As mentioned, hyphenated words are also excluded from the FULLTEXT index (they are indexed as separate words), so the following also returns nothing:
mysql> SELECT * FROM fulltext_sample WHERE MATCH(copy) AGAINST('all-out');
Empty set (0.00 sec)
Unfortunately, both words are less than the required 4 letters, so they don't appear on their own either, and cannot be found at all with an ordinary search. Part 2 of this tutorial looks at BOOLEAN MODE searches when you can search for partial or hyphenated words.

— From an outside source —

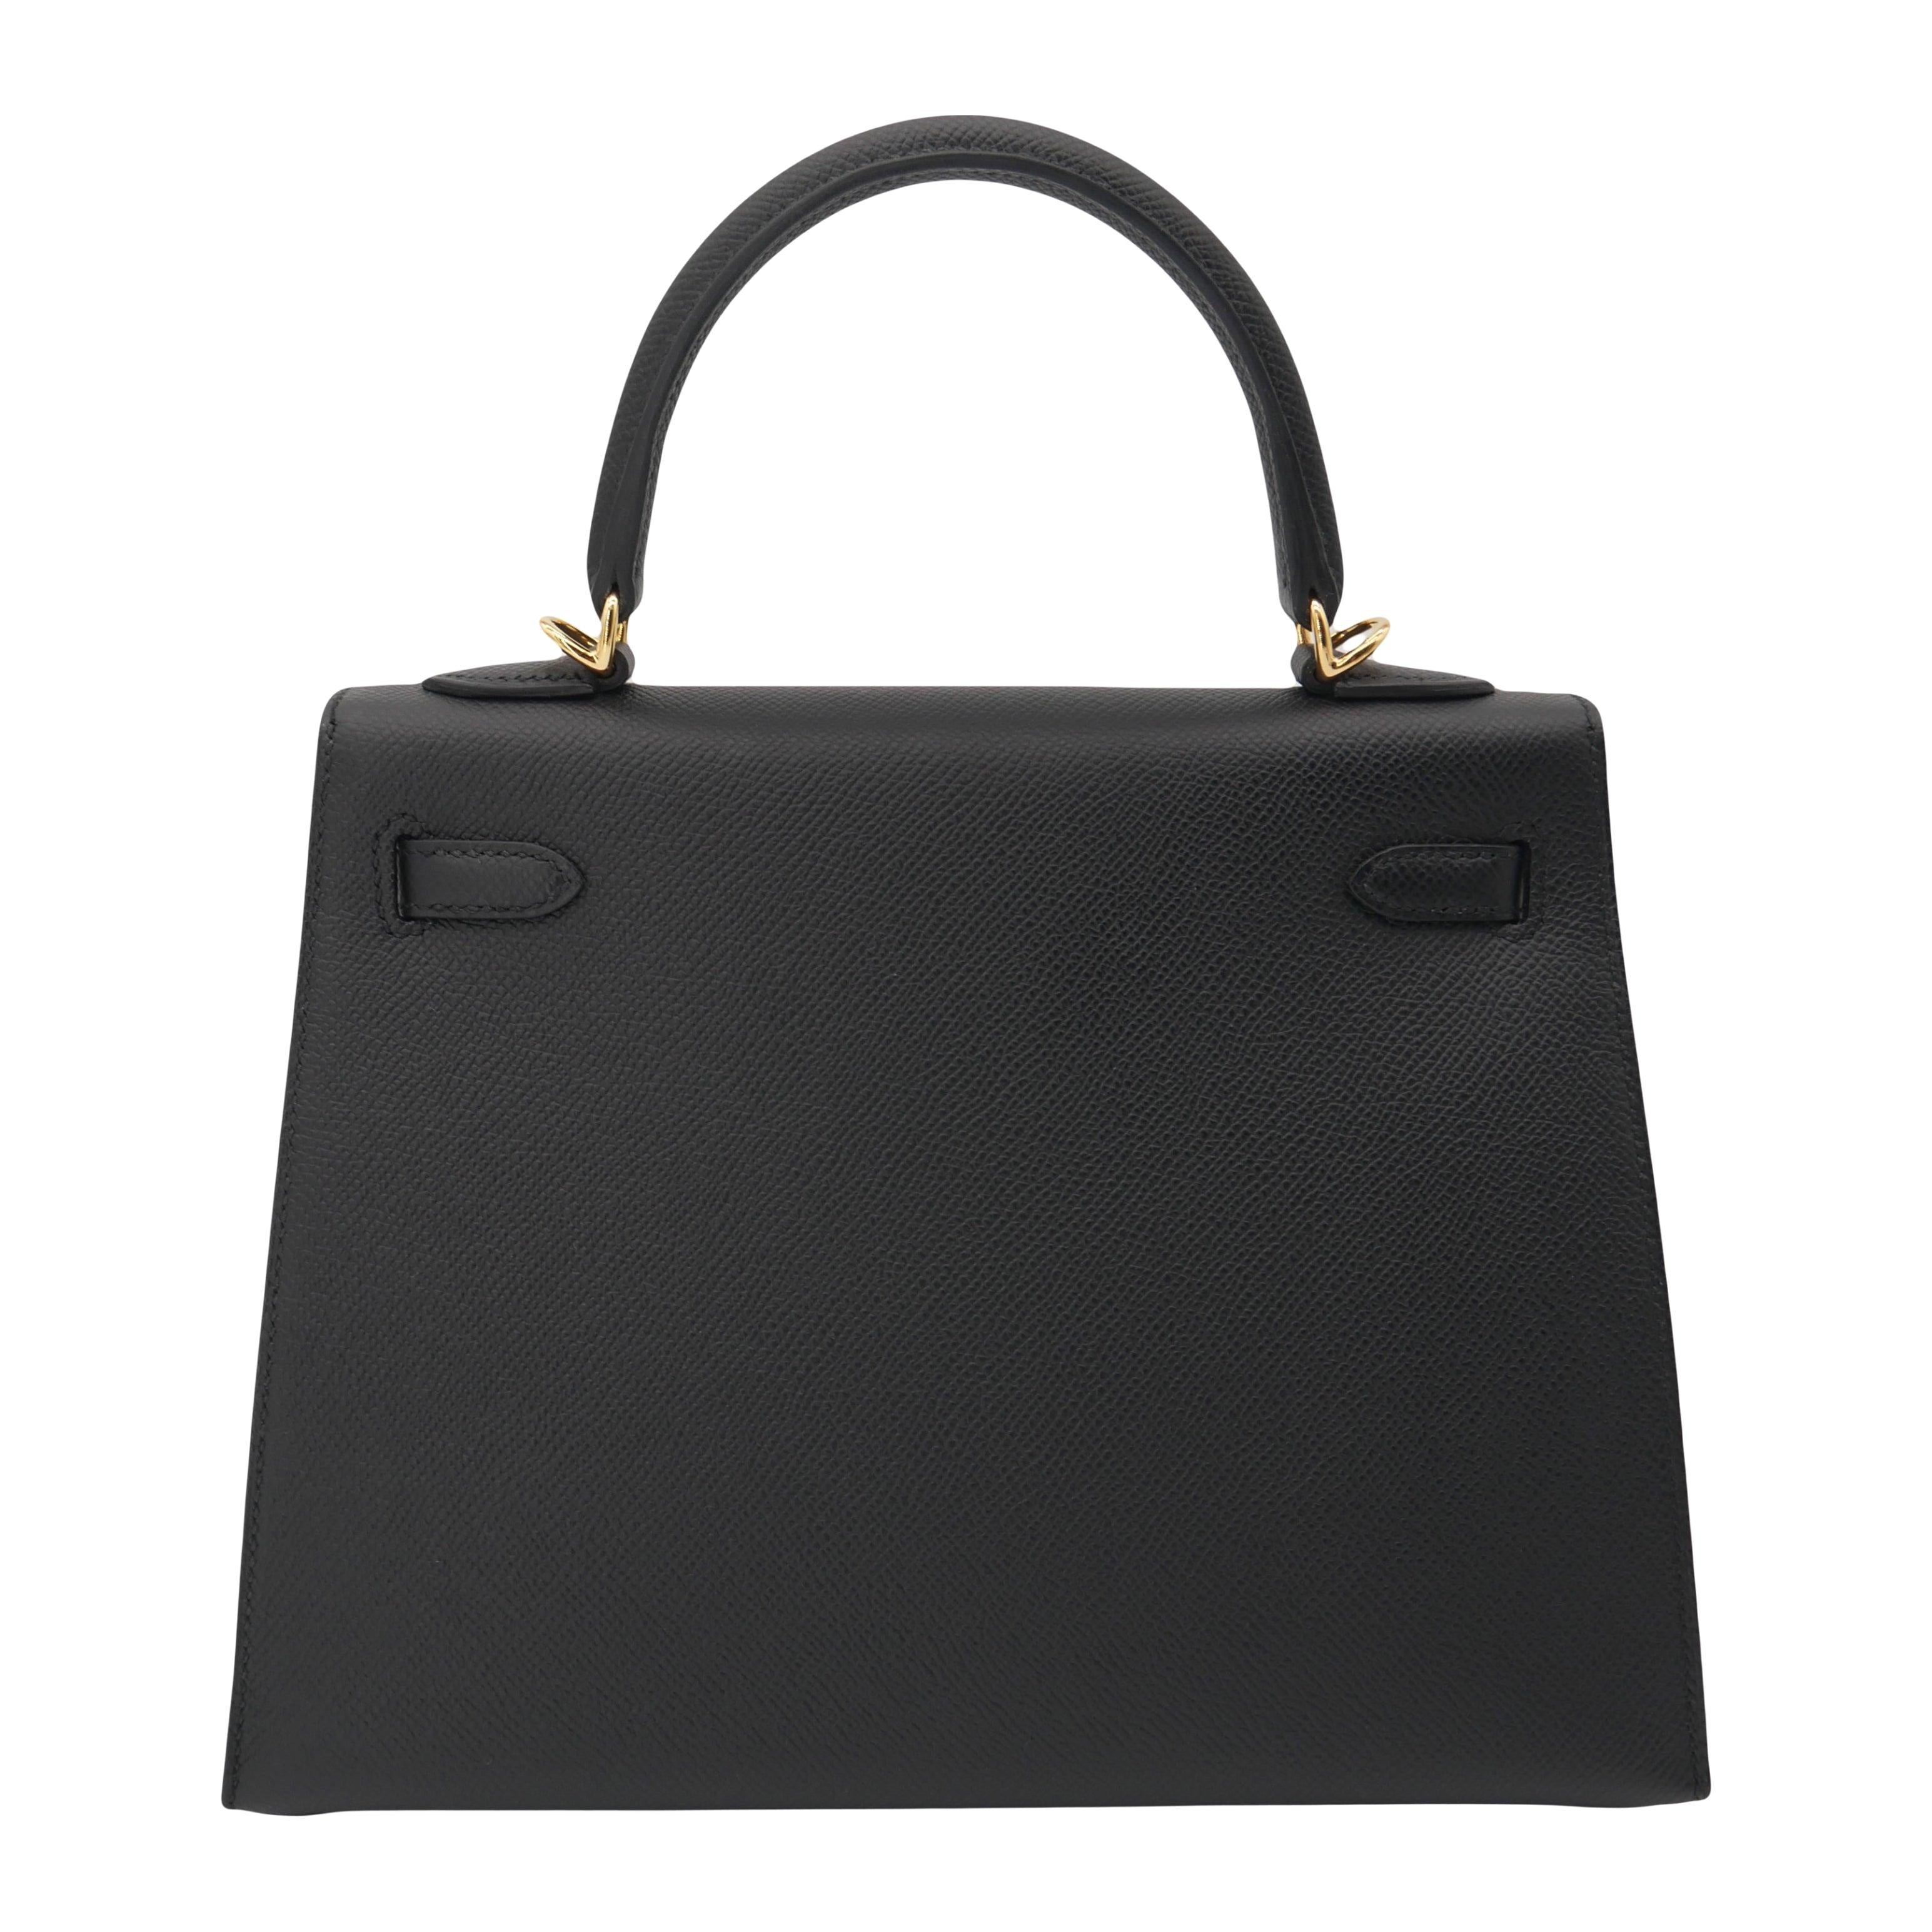 Hermès 25cm Kelly Sellier Black Epsom Leather Gold Hardware In New Condition For Sale In Santa Rosa Beach, FL

You can also search for more than one word at a time, by separating the words with commas. Try and return records containing the words 'here' and 'appears', as follows:
mysql> SELECT * FROM fulltext_sample WHERE MATCH(copy) AGAINST('here');
Empty set (0.01 sec)
Unexpectedly this returns nothing. But, a more careful look at the stopword list shows this word is listed, so they are excluded from the index. Stopwords are a common cause of people complaining that the MySQL FULLTEXT index facility is not working properly. If your query does return a result, then the stopword list in your version of MySQL does not contain the word 'here'.
Relevance
The following example shows how the records are returned in order of precedence:
mysql> SELECT * FROM fulltext_sample WHERE MATCH(copy) AGAINST('good,alert');
+---------------------------+
| copy |
+---------------------------+
| A good alert |
| It appears good from here |
| An all-out alert |
+---------------------------+
The record 'A good alert' appears first, as it contains both words being searched for. You don't have to believe me - just ask MySQL to display the precedence in the results. Simply repeat the MATCH() function in the field list, as follows:
mysql> SELECT copy,MATCH(copy) AGAINST('good,alert') AS relevance
FROM fulltext_sample WHERE MATCH(copy) AGAINST('good,alert');
+---------------------------+------------------+
| copy | relevance |
+---------------------------+------------------+
| A good alert | 1.3551264824316 |
| An all-out alert | 0.68526663197496 |
| It appears good from hear | 0.67003110026735 |
+---------------------------+------------------+
The relevance calculation is fairly complex and is based upon the number of words in the index, the number of unique words in that row, the total number of words in both the index and the result, as well as the weight of the word (for the average English sentence, the word 'cool' will be weighted less, and therefore have a lower relevance, than the word 'dandy', though trends can change!). The figures may differ in your version of MySQL, as MySQL does occasionally tweak the calculation algorithms.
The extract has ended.